O psicólogo Rafael Matias explica que a sociedade contemporânea tem uma tendência a patologizar comportamentos, buscando justificativas em transtornos mentais. Ele explicou que o termo psicopatia entrou em desuso na psiquiatria, sendo substituído por ‘transtorno de personalidade antissocial’. “Essa mudança ocorreu após o termo ‘psicopatia’ ser muito disseminado pelo cinema e novelas como sendo de pessoas criminosas que matam”, disse.

O transtorno de personalidade antissocial, no entanto, é caracterizado por falta de empatia, frieza e um comportamento calculista. “Quando a gente pensa no protagonista, percebemos diversos episódios de afeto por parte dele. Temos o momento que ele é preso, que ele vê o vídeo, que ele fala com os pais.”, ressalta Rafael.

Masculinidade

Para especialista, o motivo do crime é outro e mais comum: o resultado da forma como meninos são criados na nossa sociedade. “O comportamento de Jamie pode ser interpretado como resultado de uma estrutura machista e misógina”, explica Rafael.
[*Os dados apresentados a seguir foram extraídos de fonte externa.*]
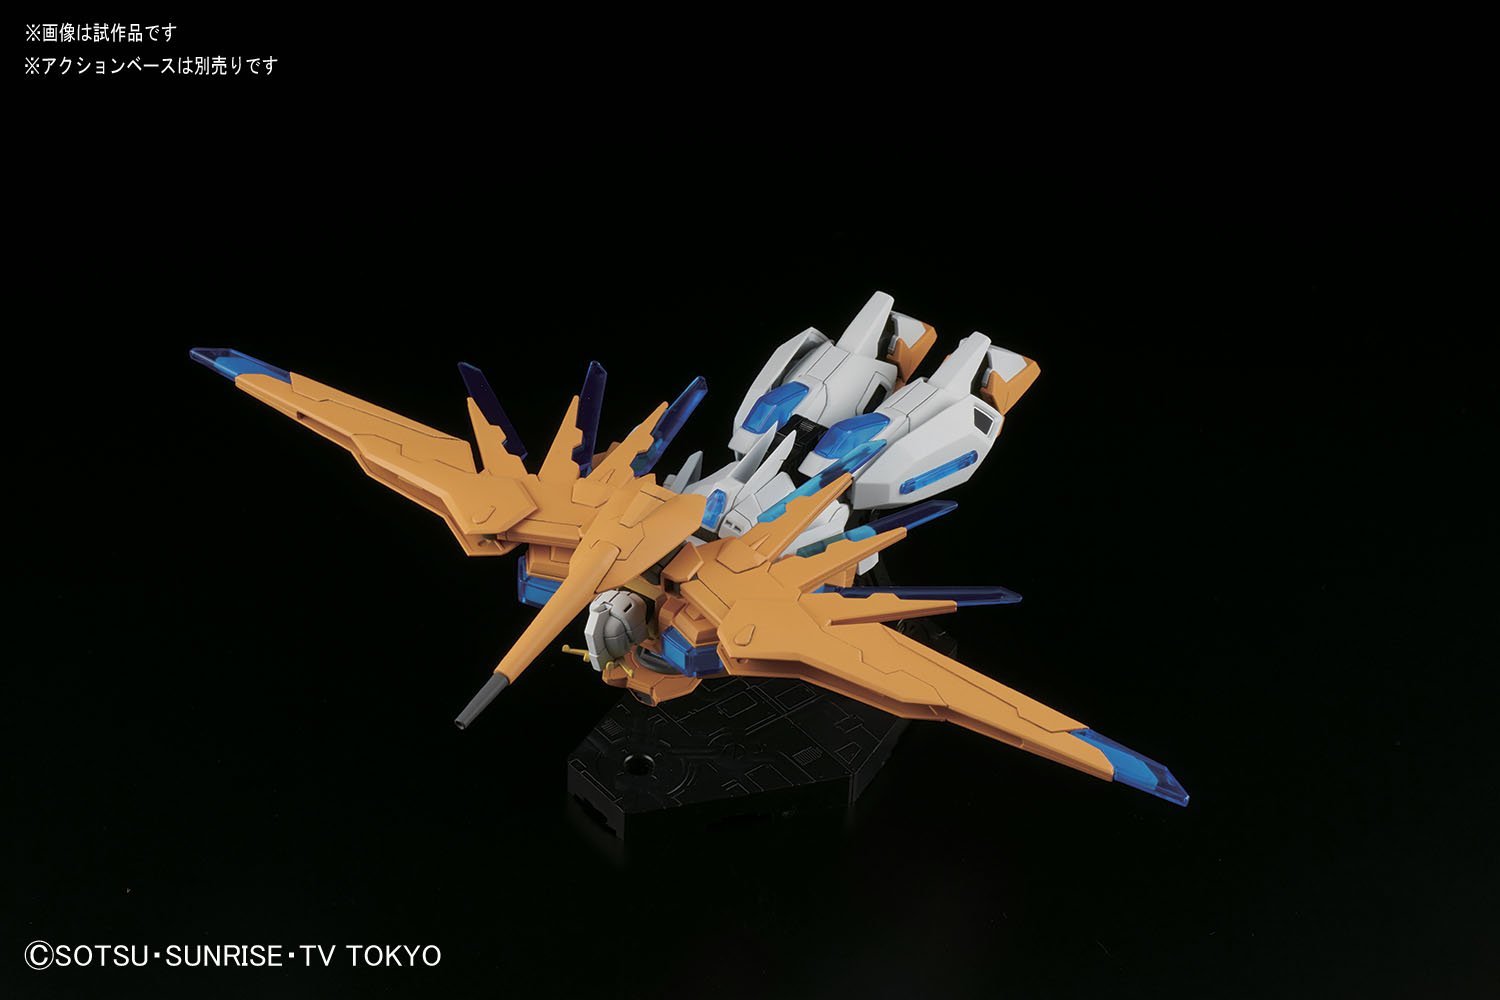 HGBF 047 Scramble Gundam

Segundo ele, meninos têm mais dificuldade em expressar seu sofrimento emocional, devido às normas da masculinidade. “Aprendemos a ser homem e mulher através da constituição social”, disse. Além disso, conforme o especialista, o imaginário dos meninos em relação às meninas é frequentemente violento, agressivo e carregado de ódio.

Filmes, séries, livros, vídeos, programas de TV são elementos culturais que auxiliam na formação desse imaginário de superioridade masculina em relação às mulheres e, cada vez mais cedo, as crianças têm contato com esse repertório. As redes sociais atuam como um veículo de transmissão de informações, disseminando pensamentos e influenciando como os jovens aprendem e se posicionam.

O poder dos influenciadores

Um dos criadores e roteiristas da série, Jack Thorne, disse em uma entrevista que o personagem principal foi “doutrinado por vozes” como a de Andrew Tate, que se autoproclama um “influenciador misógino”. Tate acumula mais de 10 milhões de seguidores no X, onde defende a submissão feminina. Mesmo acusado de crimes graves, incluindo estupro, tráfico humano e formação de grupo criminoso voltado à exploração sexual de mulheres na Romênia, ele continua muito popular nas redes sociais.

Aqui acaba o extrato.